Parece que foi ontem e foi mesmo. Me refiro ao aniversário da Revolução dos Cravos, movimento que em 25 de abril de 1974 pôs fim à ditadura que mantivera Portugal sob o jugo do fascista Antônio Salazar, até 1968, e de Marcello Caetano, nos seis anos seguintes. Suas consequências foram, entre outras, a retomada da democracia e o restabelecimento das liberdades individuais. E o nome dado à conquista do povo veio do fato de que as pessoas, nas ruas, distribuíam cravos para os soldados do Exército, que pela primeira vez em muito tempo não as reprimiam. Sobre isso, com maiores detalhes, escrevo mais abaixo.

Revendo o contexto histórico, Portugal era uma monarquia constitucional até 1910. Em outubro daquele ano foi proclamada a república, que era ainda jovem e incipiente quando, quatro anos depois, o país participou da Primeira Guerra Mundial (1914-1918). Este fato gerou uma grave crise econômica, com repercussões sociais. No aspecto político, esse período pós-guerra se tornou ainda frutífero, em boa parte da Europa, para ideias autoritárias. Como o fascismo italiano, com Benito Mussolini. Foi assim que os portugueses se viram envolvidos com um golpe de Estado, em 1926, perdurando até 1933. Uma nova Constituição foi então promulgada, ao mesmo tempo em que surgia com força a figura de Antônio Salazar. Ele era o primeiro-ministro e o texto legal lhe garantiu plenos poderes, que ele exerceu cerceando a liberdade de expressão e os direitos individuais. Deste modo, passou a governar com mão de ferro, não permitindo mais sucessão e alternância no poder.

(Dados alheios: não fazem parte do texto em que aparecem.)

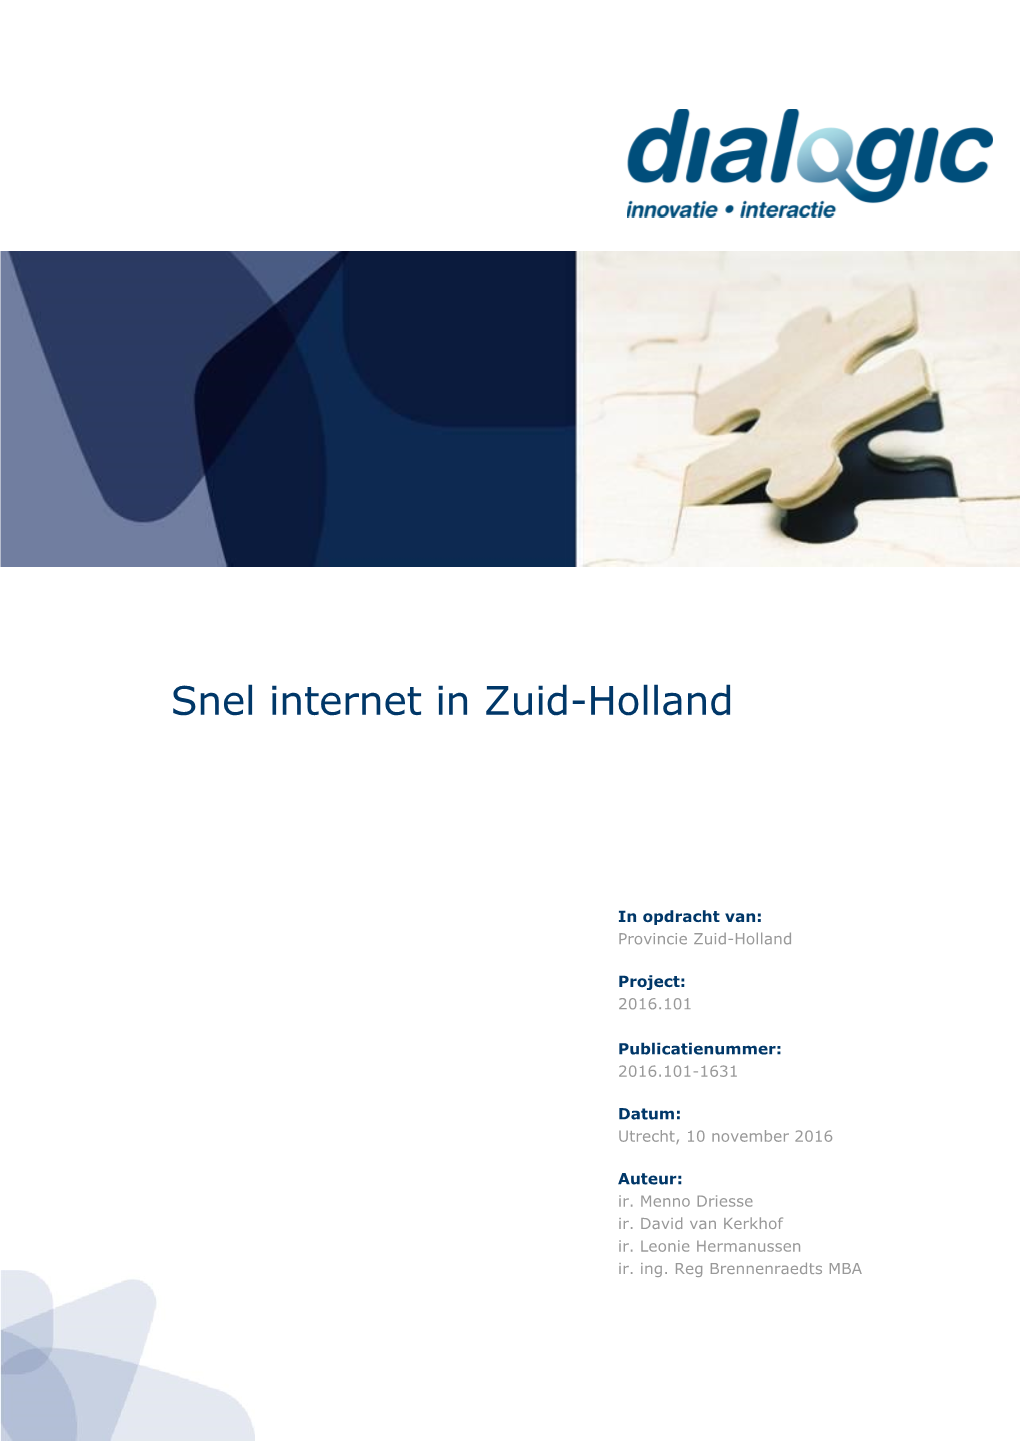 Snel Internet in Zuid-Holland

O salazarismo se constituiu a partir de atitudes e com características semelhantes ao que se viu na Itália. O descrédito proposital da política e dos partidos tradicionais, o uso da religião, a exaltação da figura de um líder, a censura de toda e qualquer crítica e um nacionalismo falso – se você está lembrando agora de um outro “mito”, saiba que a semelhança não é mera coincidência. Isso conseguiu estabelecer um autoritarismo que durou quatro décadas, se tornando a mais longa ditadura da história da Europa.

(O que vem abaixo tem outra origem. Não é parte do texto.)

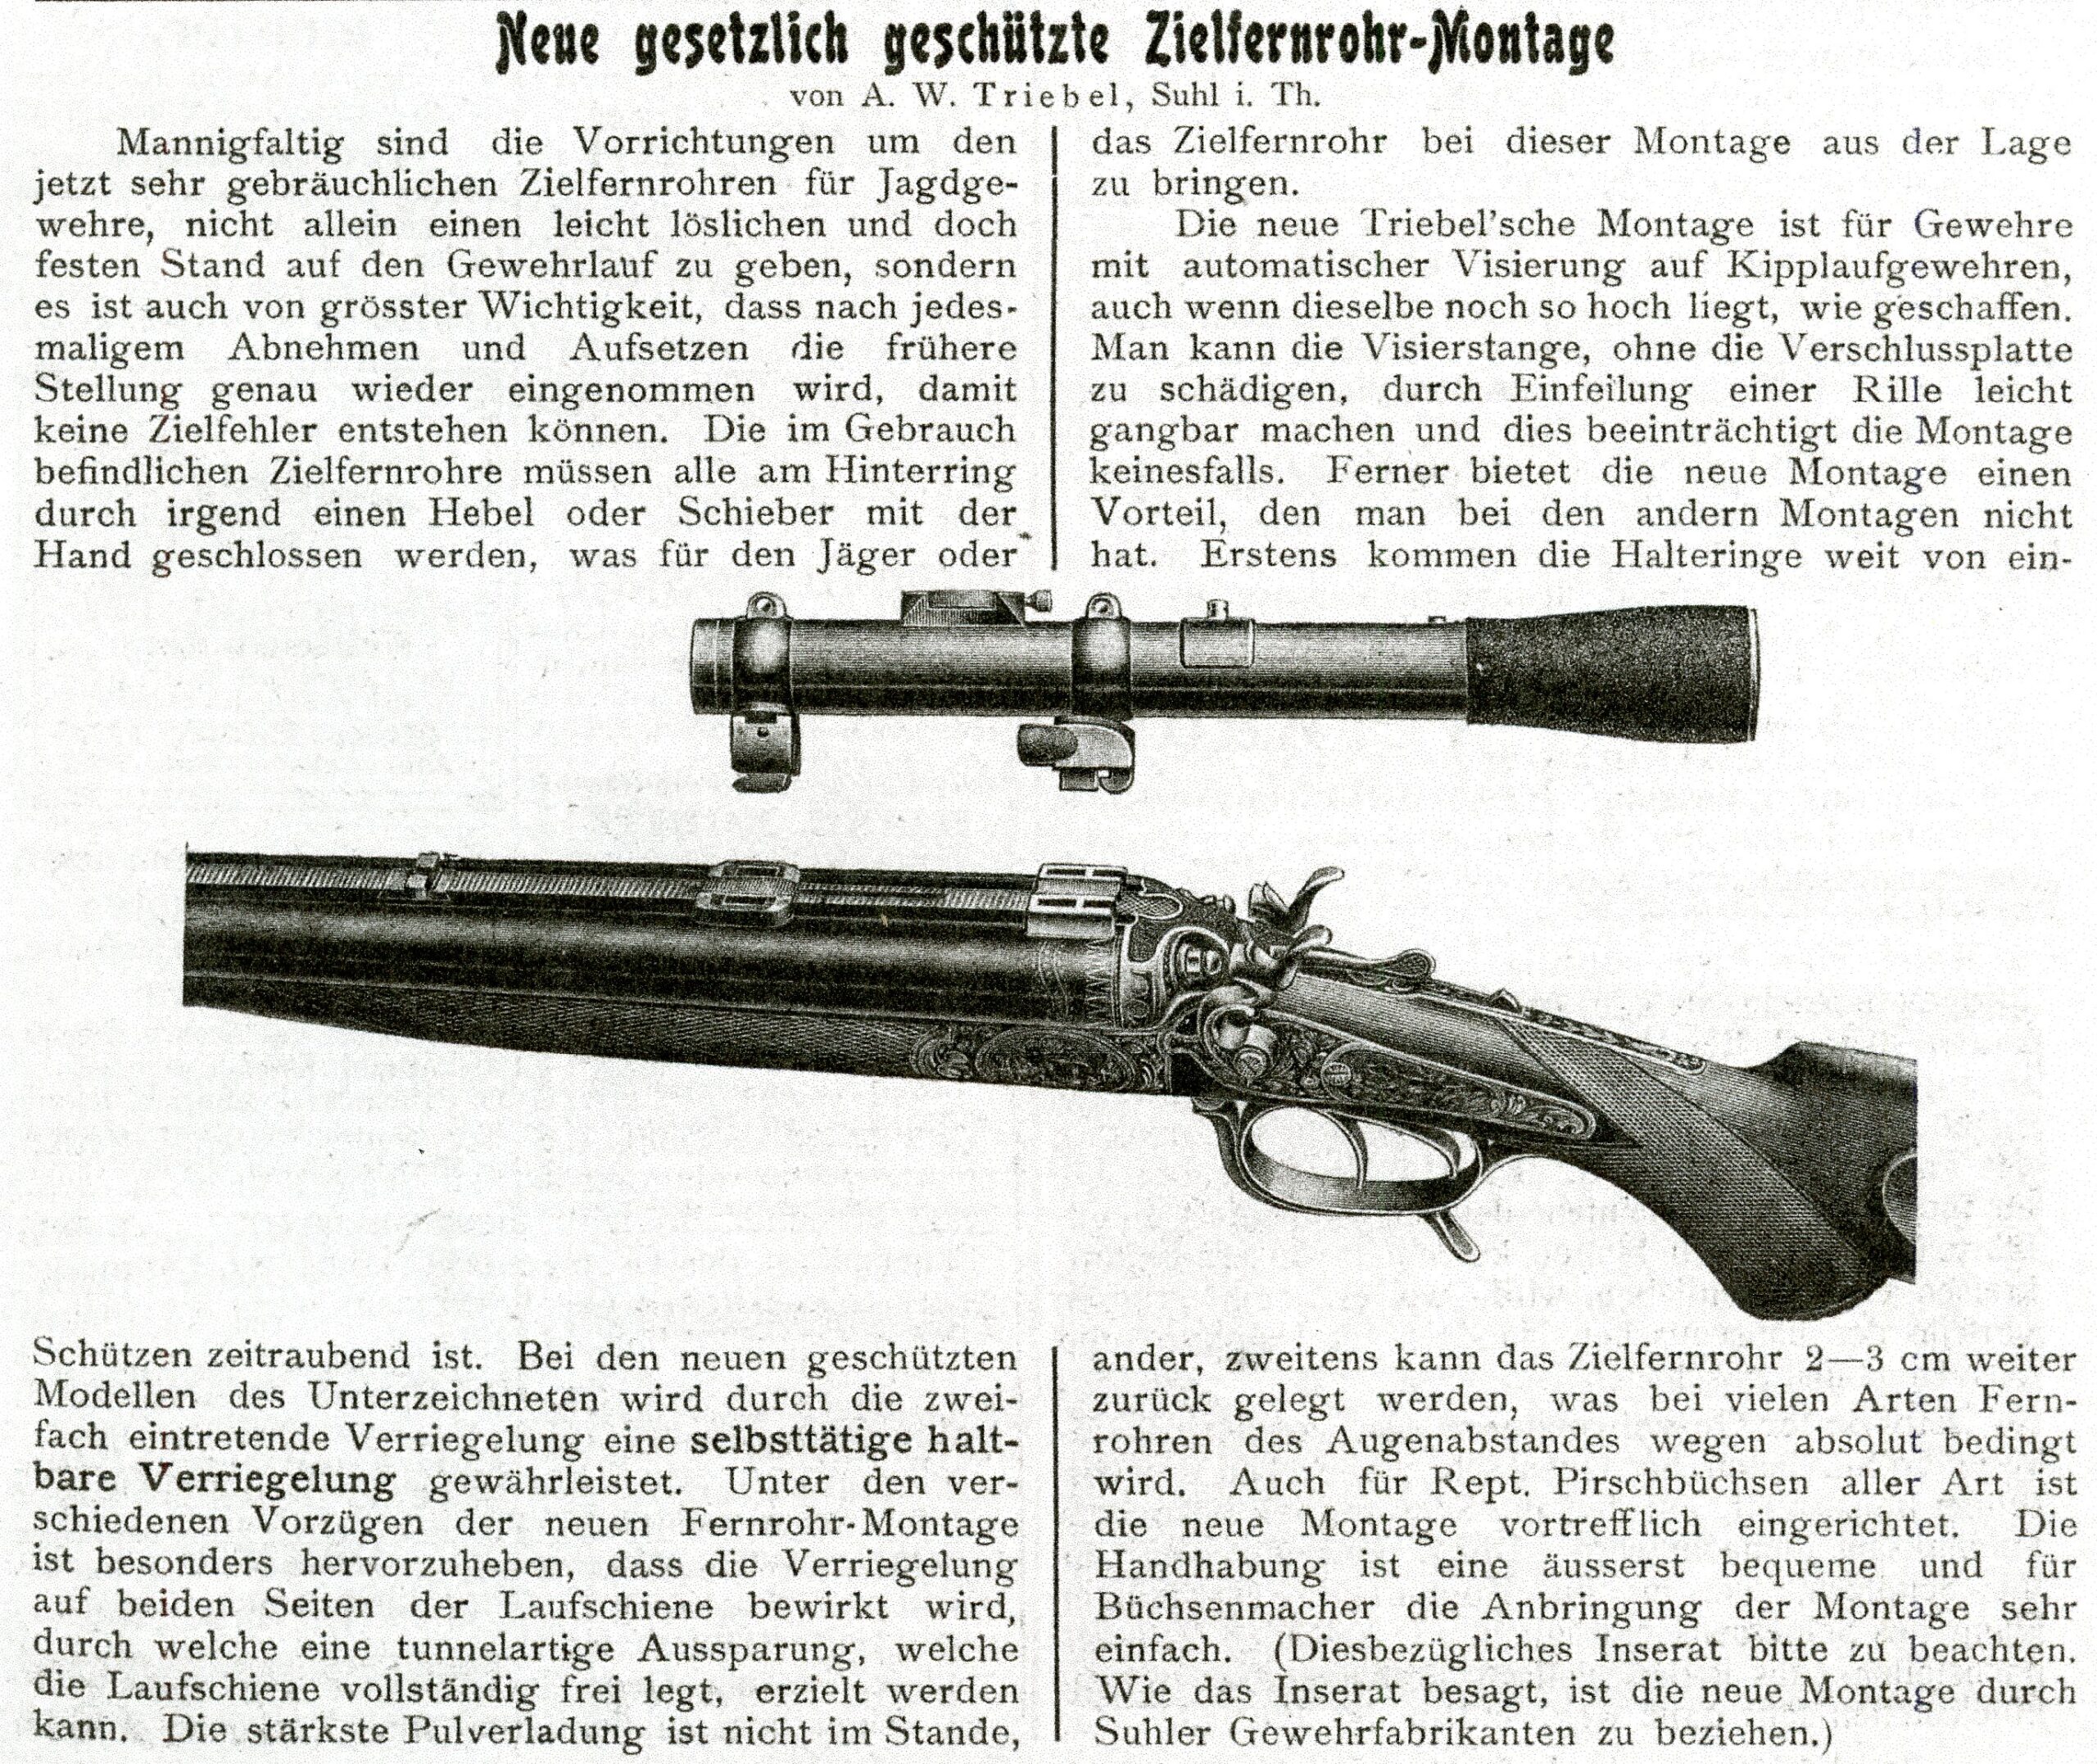 From the 1913 issue of Die Büchsenmacher und Waffenhandler

Incrível é que Salazar não teria se afastado do poder se não fosse uma queda que sofreu, durante suas férias. A cadeira de madeira onde ele se sentava estava tomada de cupins, quebrou e ele foi ao chão, batendo com a cabeça. A consequência foi um derrame que primeiro o afastou temporariamente do poder, mas que o retirou do comando conforme o quadro se agravou. José Saramago relatou essa história no seu conto Cadeira, um dos que compõem o livro Objecto Quase, publicado em 1978. E o referido conto foi a “matéria-prima” da minha dissertação de mestrado em Letras, A Construção de Cadeira: memória, literatura e história no conto de José Saramago, defendida em 2017.

Voltando ao relato histórico, Marcello Caetano não tinha a mesma força de Salazar. Ao mesmo tempo, eclodiam revoltas nas colônias, com grupos armados buscando libertar Angola, Guiné-Bissau e Moçambique, o que forçava Portugal a manter destacamentos nestes locais, o que era motivo de descontentamento da população e dividia também o exército. Estava criado o clima propício para a libertação, em duplo sentido, tanto da metrópole quanto dos territórios conquistados ainda quando das grandes navegações.

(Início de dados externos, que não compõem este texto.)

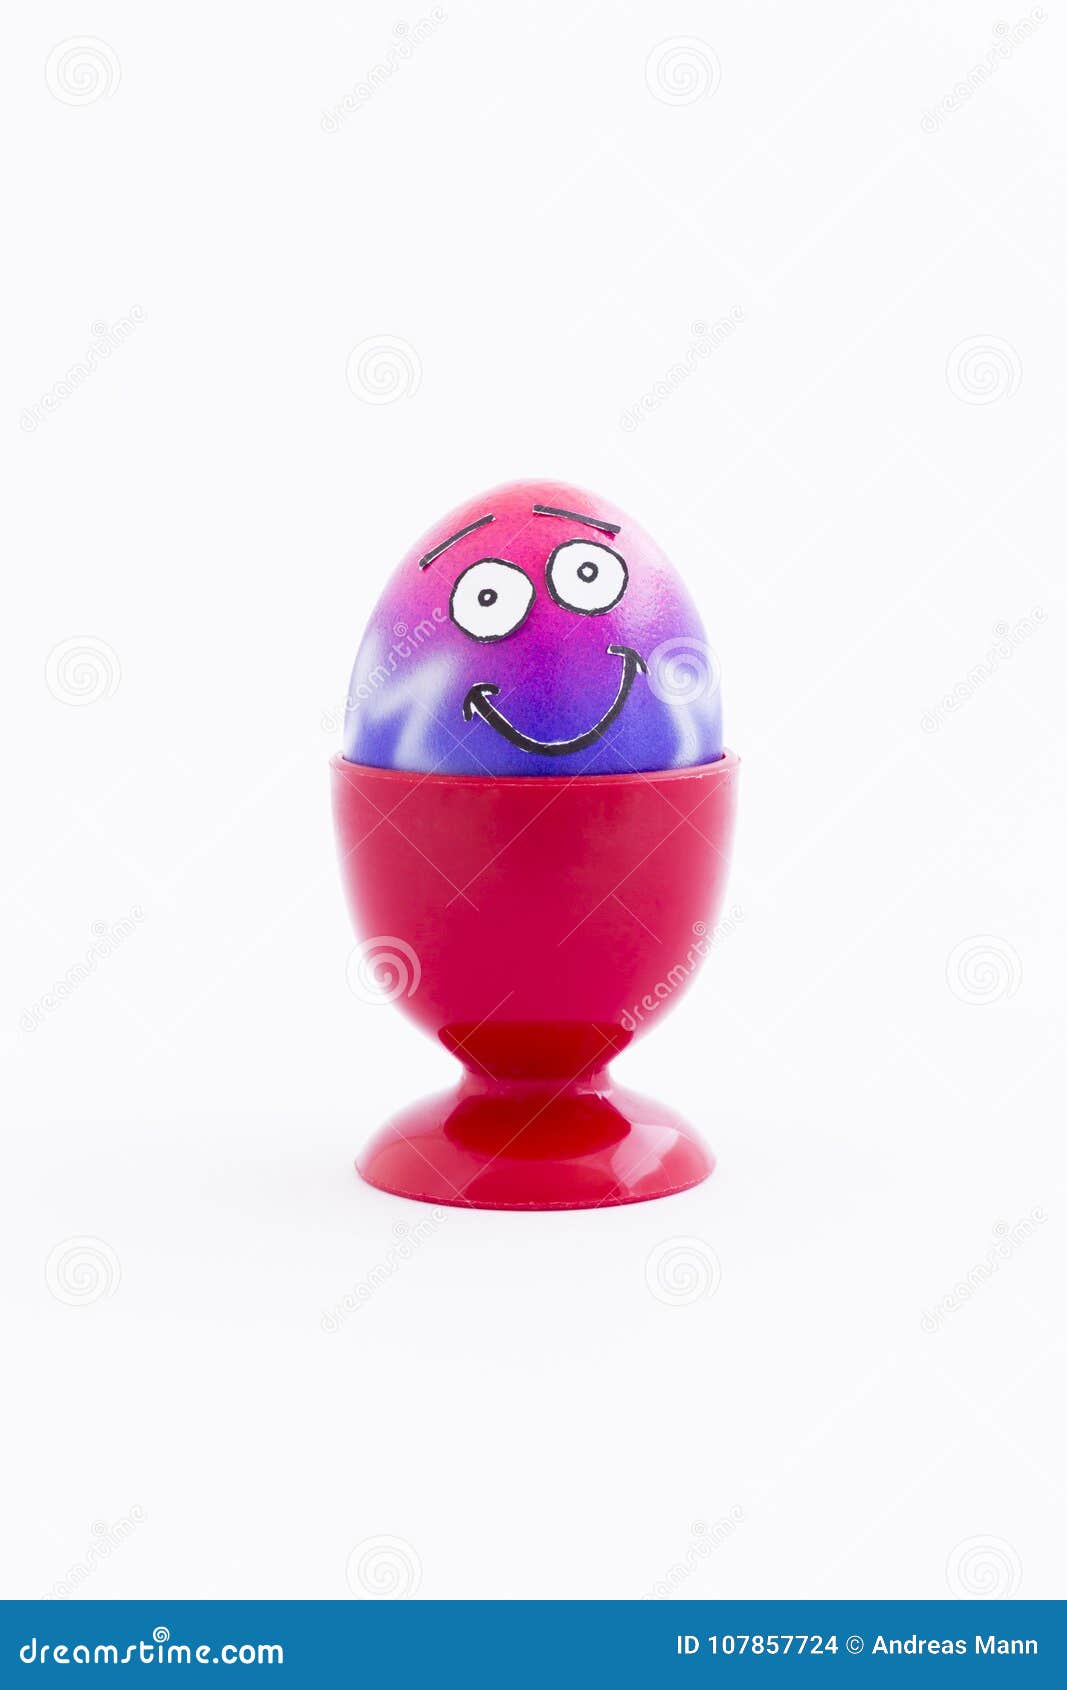 Partito di Pasqua con l'uovo pazzo. Il rosa e la porpora hanno dipinto l'uovo di Pasqua con il fronte divertente di stile del fumetto in un portauovo di plastica rosso ed in un fondo bianco

Na véspera da revolução, as rádios das Emissoras Associadas de Lisboa tocaram diversas vezes a música E Depois do Adeus, de Paulo de Carvalho. Essa era a senha para que a população se preparasse para o processo. E no dia 25 ela foi substituída por Grândola Vila Morena, de José Afonso, para que todos soubessem que ela começara. Nas ruas os soldados, sem o devido comando e eles próprios desejosos de que houvesse afinal uma mudança no país, permaneciam passivos. Então outro fato aconteceu, tendo se tornado marcante por puro acaso.

Celeste Martins Caeiro trabalhava no restaurante Franjinhas, na Rua Braancamp, que comemorava o seu primeiro aniversário. Era inovador, inaugurando o serviço de self-service, até então não conhecido. O seu proprietário havia comprado vários molhos de flores no Mercado da Ribeira, para oferecer aos fregueses. Mas não pode abrir, em função do acontecimento que tomava as ruas. Assim, distribuiu as flores para seus funcionários, quando os liberava. Celeste voltava para casa com uma boa quantidade de cravos, quando se deparou com os soldados. Um lhe pediu cigarros, que ela não tinha. Então, colocou um cravo vermelho no cano de seu fuzil. Os demais também pediram e ela os distribuiu todos. As habituais vendedoras de flores do Rossio, quando viram a cena, decidiram multiplicar o gesto, o que foi imitado por mais e mais pessoas, a ponto de terminar batizando a revolução.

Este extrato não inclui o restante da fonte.